Richie adds two ounces at a time, each one in an expanding spiral pattern. Gravity draws the water down through the grounds, dissolving them along the way, and drawing their rich flavor out and into the glass below. After the third spiral pour, he puts the kettle down and picks up a teaspoon. He gives the mixture a stir, creating a small vortex. "This little whirlpool here is going to keep the coffee grounds in the center and off of the side of the walls. The most important part about the brewing process is that all the grounds be in contact with the water," he explains.

The stopwatch is still running, approaching two minutes and thirty seconds, Richie’s target time for the water to have completely filtered through the grounds and into the cup below. At only 1.48 seconds past his mark, the last of the water flows down into the glass below leaving behind a small, porous dome of dissolved grounds.

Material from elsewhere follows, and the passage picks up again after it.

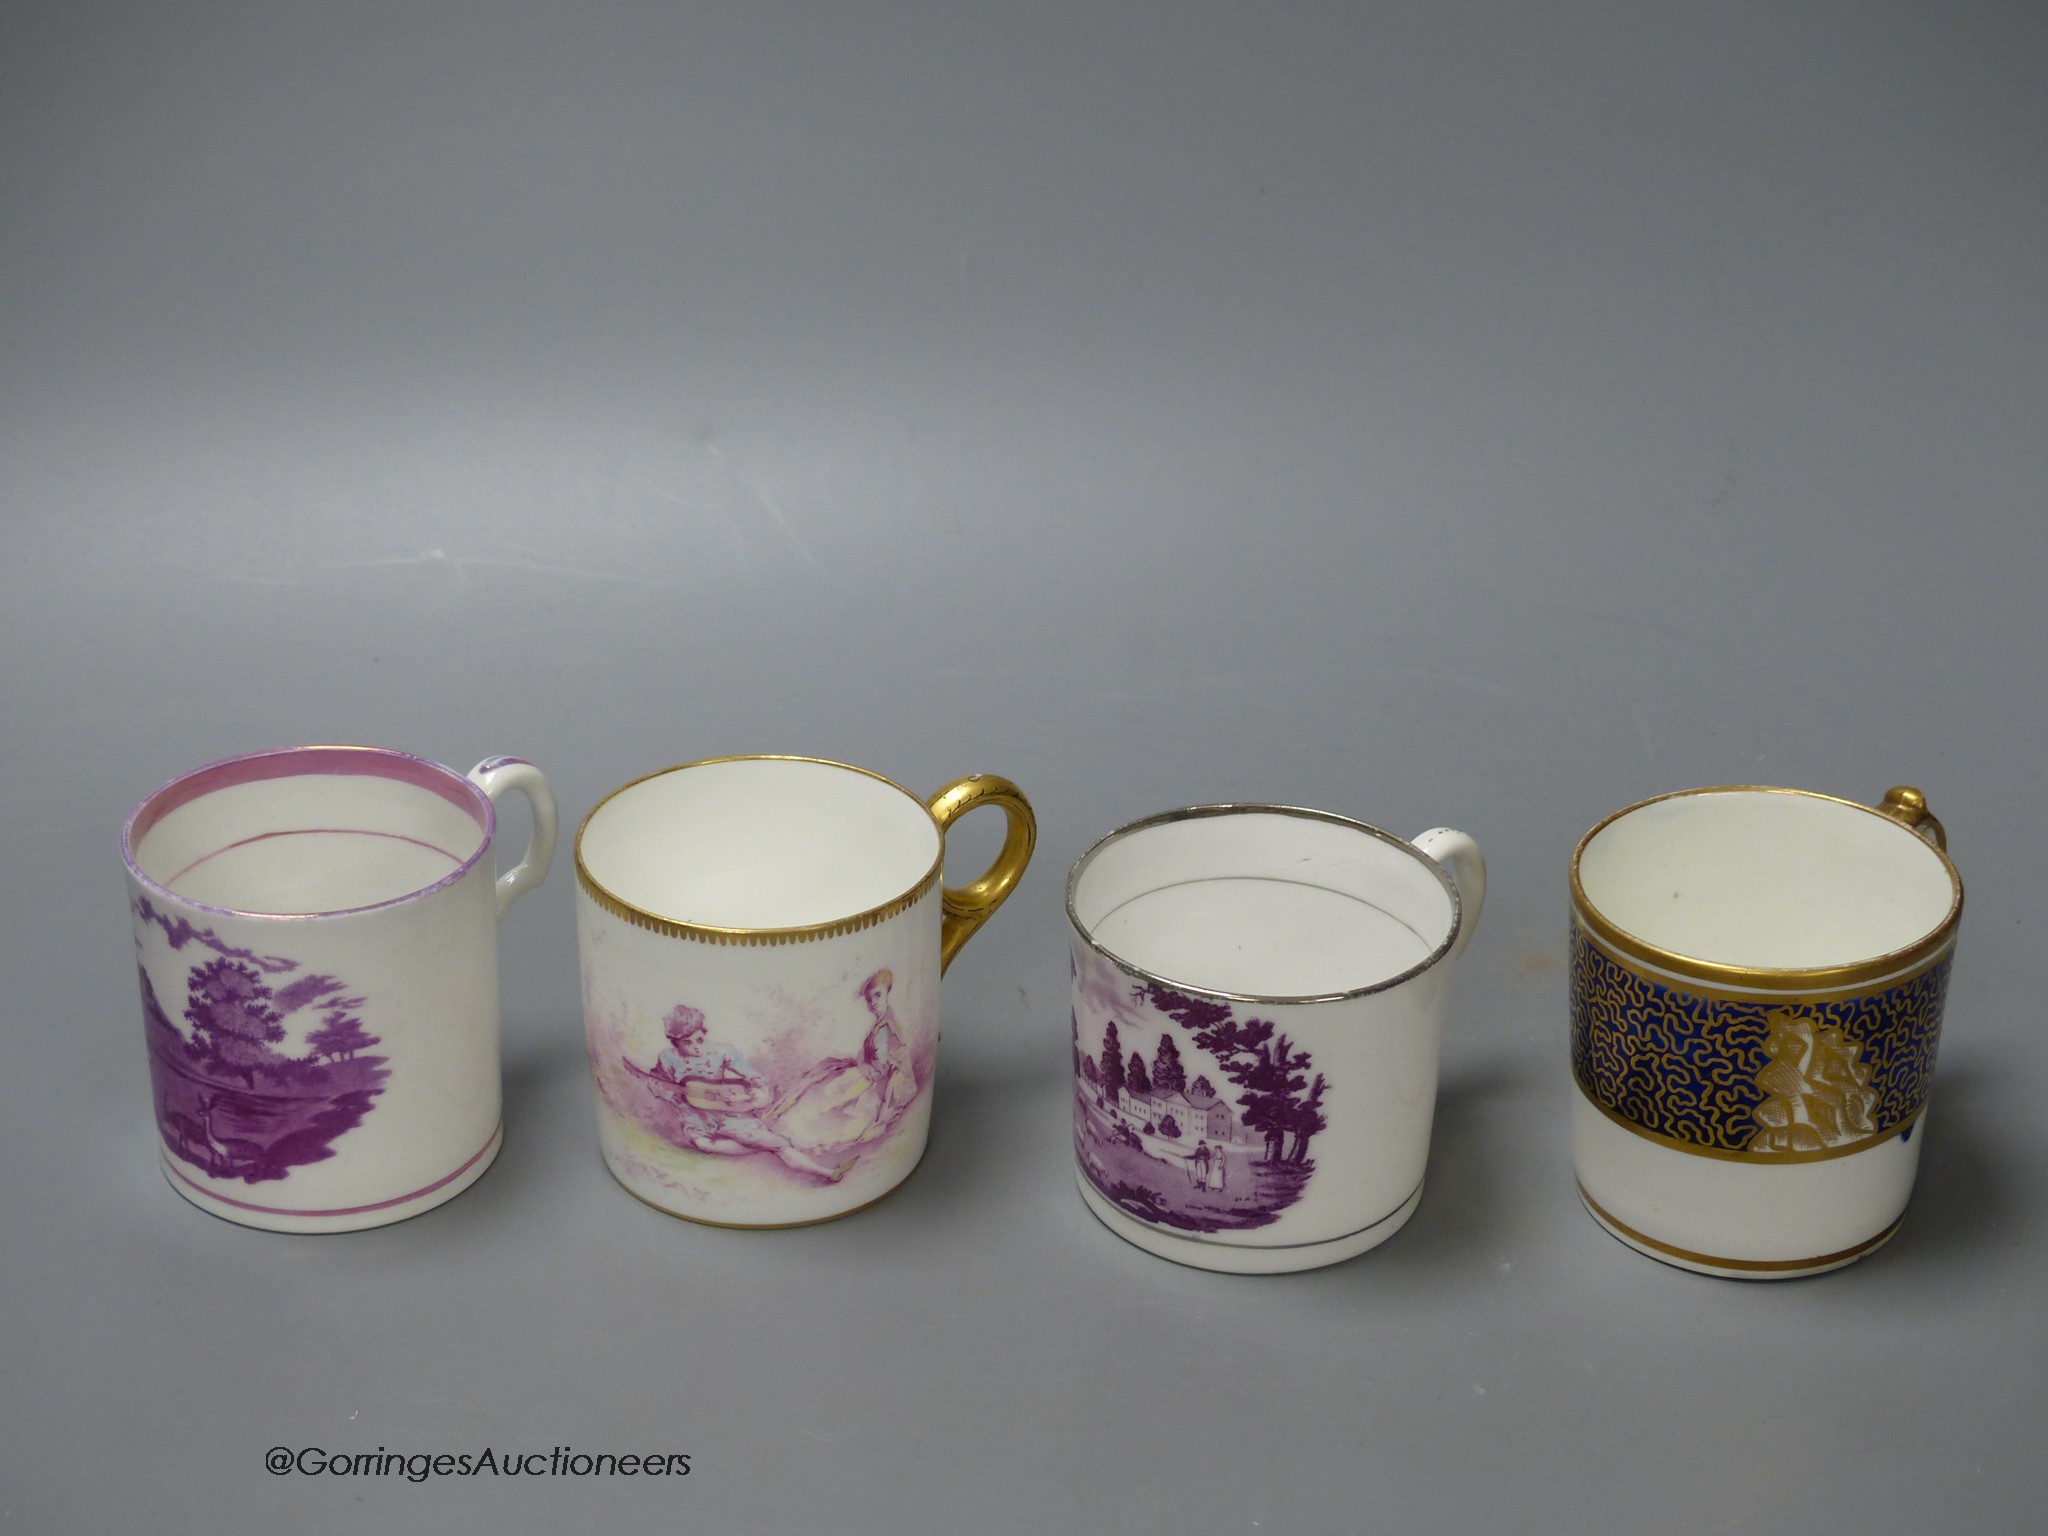 Four coffee cans Minton painted in Watteauseque style made for A.B.Daniell, another Minton with - Image 2 of 4

Richie can tell when he’s between 19-20% extraction now by taste alone, but when he was learning he had to rely on data – scientific data. He bought a refractometer to measure the total amount of dissolved solids in the resulting cup of coffee and he has a program that can translate this number into the percent extraction. He spent well over fifty hours perfecting his technique, but through research, conversations with other baristas, and experimentation, he began hitting the sweet spot again and again. As Richie says, "When you're converting coffee beans into a cup of coffee, you can play a major role in what that ends up tasting like."

As a novice with a sweet tooth, I’ve never strayed from my preferred mocha, fearing the bitter taste I associate with straight coffee. I admit that impression is at least a decade old and I can&rsqursquo;t recall the last time I gave coffee a chance. So after witnessing my first pour over, I was eager to taste coffee again for the first time. The sweetness hit me immediately and the subtle layers of caramel were immediately apparent. It was so smooth and rich and complex. As clichéd as it sounds, I’d never experienced anything like it. The pour over is a drink that tells a story. It captures all that the beans have seen and reveals how each part of the process has left its fingerprint. After tasting my first pour-over, my mocha tasted like a chocolate milkshake.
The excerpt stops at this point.